AK Parti, 21 yıldır bu ülkeye her alanda çağ atlatmış bir partidir.
Evet evet, tam 21 yıl!
AK Parti’nin bu zaman zarfı içinde yaptığı hizmet ve eserleri yan yana dizsek Edirne’den Kars’a yol olur.
Yada bu ülkenin 21 yıl önceki halini göz önüne getirin.
Hem siyasi hem fiziki hem manevi anlamda.
Hal buyken AK Parti’ye mensup bazı insanların son zamanlarda sokaklarda çekinerek konuşması, seçim çalışmalarında ezik büzük durması normal bir durum değil!
Vatandaşın karşısında elbette mütevazı olunmalı, bu her AK Partiliye de yakışan bir durumdur.

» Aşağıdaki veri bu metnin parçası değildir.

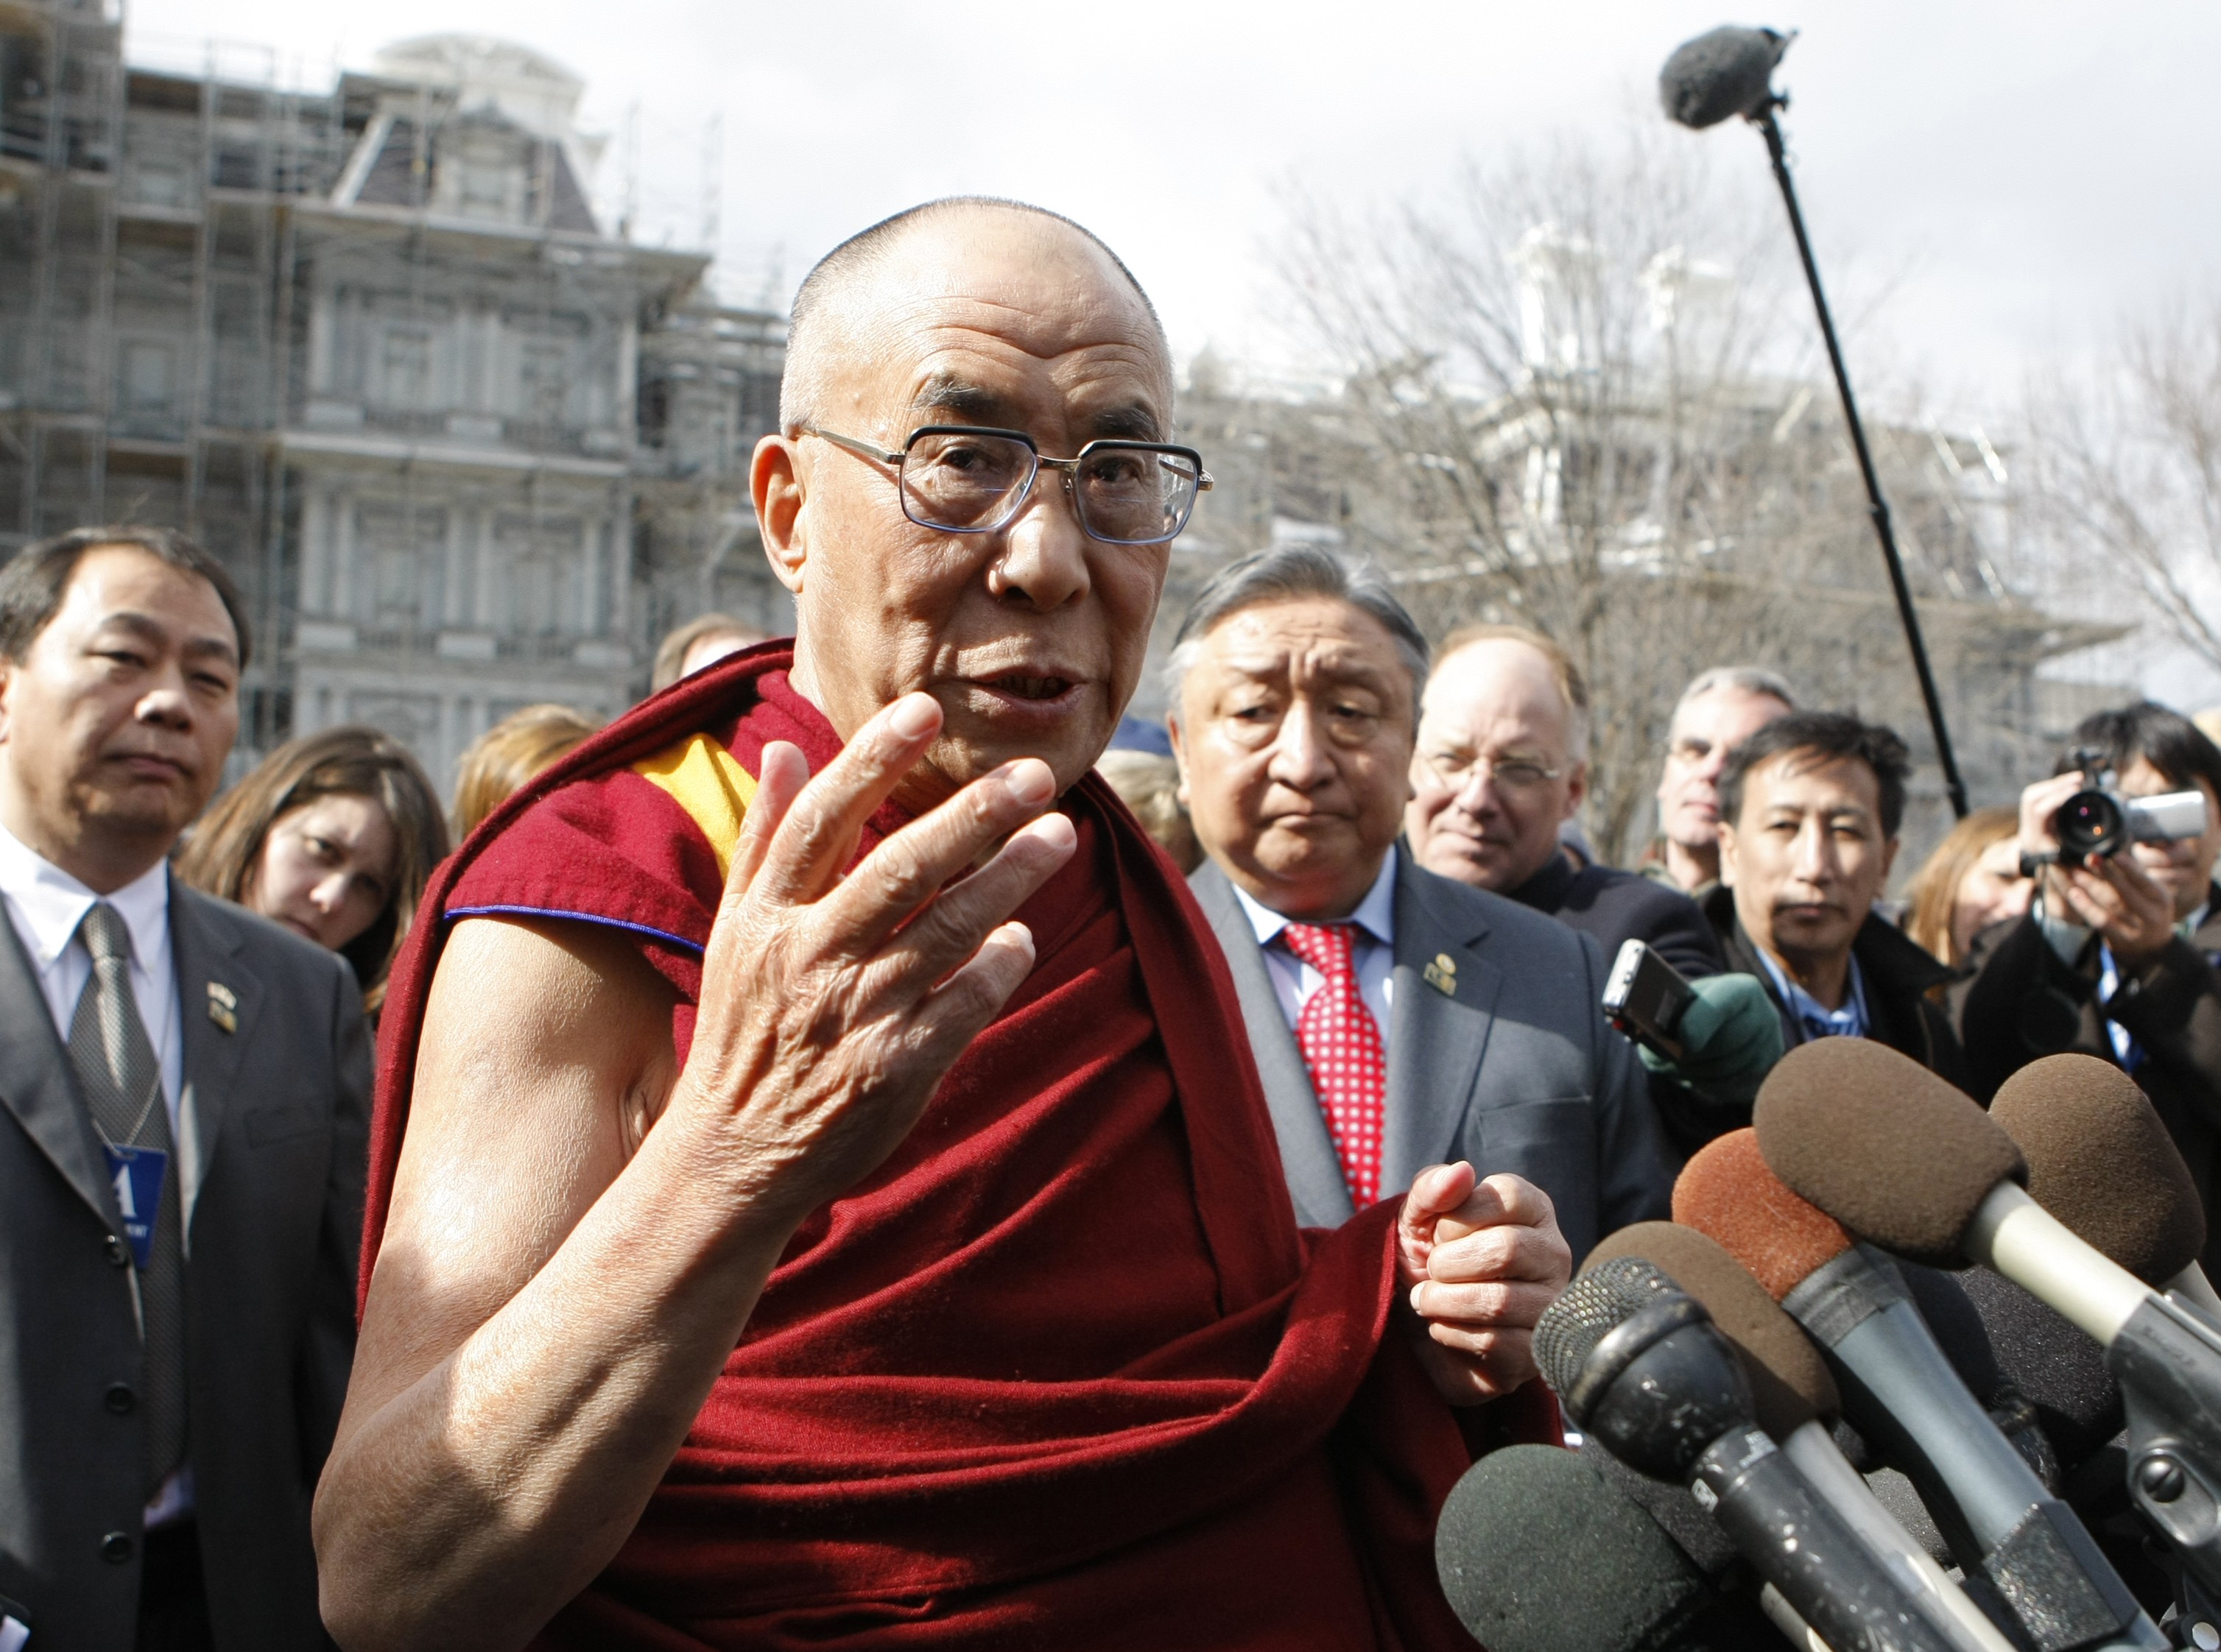 Hot, Dalai Lama, Anklagelser, Brott och straff, Gift, Kina, mord
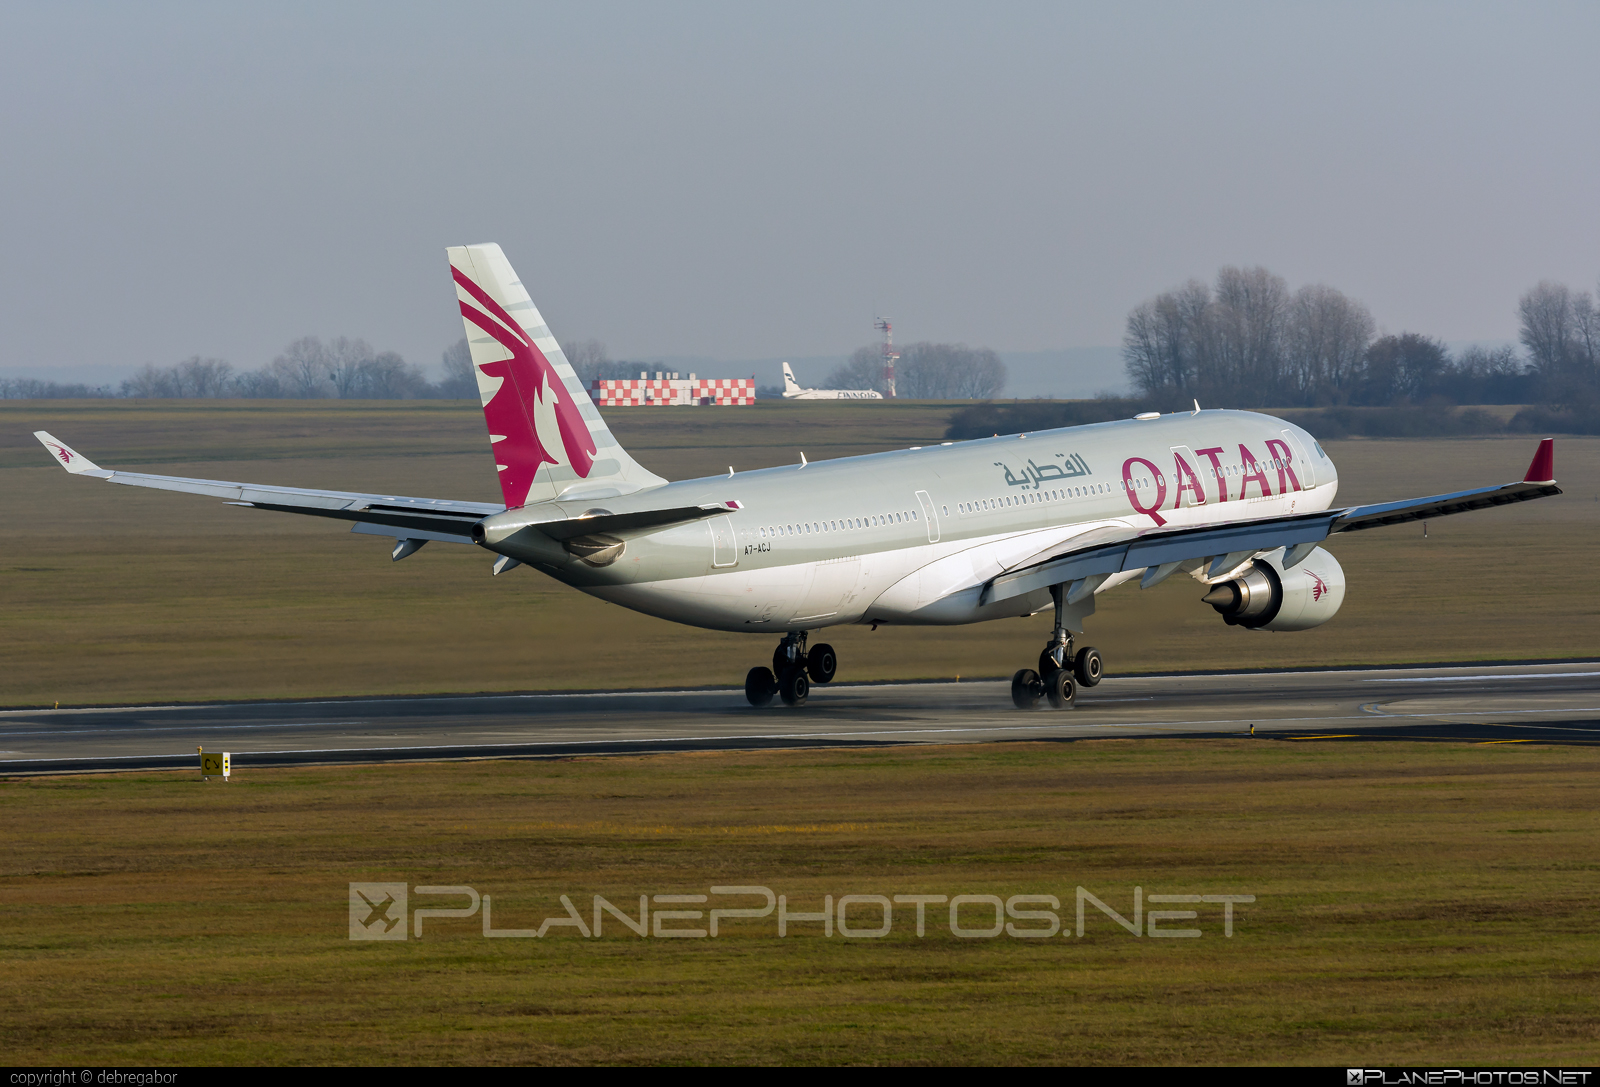 Airbus A330-202 - A7-ACJ operated by Qatar Airways #a330 #a330family #airbus #airbus330 #qatarairways

Ancak her bir AK Parti mensubunun sokaklarda başı dik bir şekilde göğsünü gererek yürümesi gerekmez mi?
Birileri bu ülke için taş üstüne taş koymadığı halde bu denli rahat konuşurken, rakamlarla sayılmayacak kadar hizmet ve eser üretmiş bir partinin mensuplarının bu davranışı bir özgüven yetersizliği değilse, nedir?
Bence bu özgüven yetersizliğinin ana sebebi, bu inanların son zamanlarda Recep Tayyip Erdoğan’ı takip etmemelerinden kaynaklanıyor.
Ne alaka diyebilirsiniz!
Ben de size soruyorum, eğer takip etmiş olsalardı şimdi sokakları inletmiş olmazlar mıydı?
Bana göre şimdiye kadar 6 genel, 4 yerel, 2 Cumhurbaşkanlığı ve 3 halk oylaması seçimlerinde zaferle ayrılan AK Parti, son zamanlarda ortaya koyduğu başarı ve hizmetlerle beraber 14 Mayıs seçimlerini çok rahat kazanacaktır.
Dile kolay tam 15 kez rakiplerinin karşısında birinci parti olarak çıkmış.
21 yıl içinde kendi rakiplerini tam 15 kez nakavt etmiş.
Tam 15 kez bu Aziz milletin desteğini almış.
Ve bu destek devam ediyor.
Şimdi gelelim 14 Mayıs’ın şifresine.
Bana göre AK Parti’nin bu seçimi kazanmasının yolu inanmakta geçiyor.
Zira bundan önceki 15 seçimde de hep böyle olmuştur.
Şimdi de böyle olacak.
Aksini düşünemiyorum bile!
Velhasıl kelam bu seçimin sonucunu belirleyecek olan AK Parti’i mensuplarıdır.
Sahadaki performansları ve seçimden zaferle çıkacaklarına dair inançlarıdır.
Bu ikisi vuku bulursa üçüncüsü kaçınılmazdır.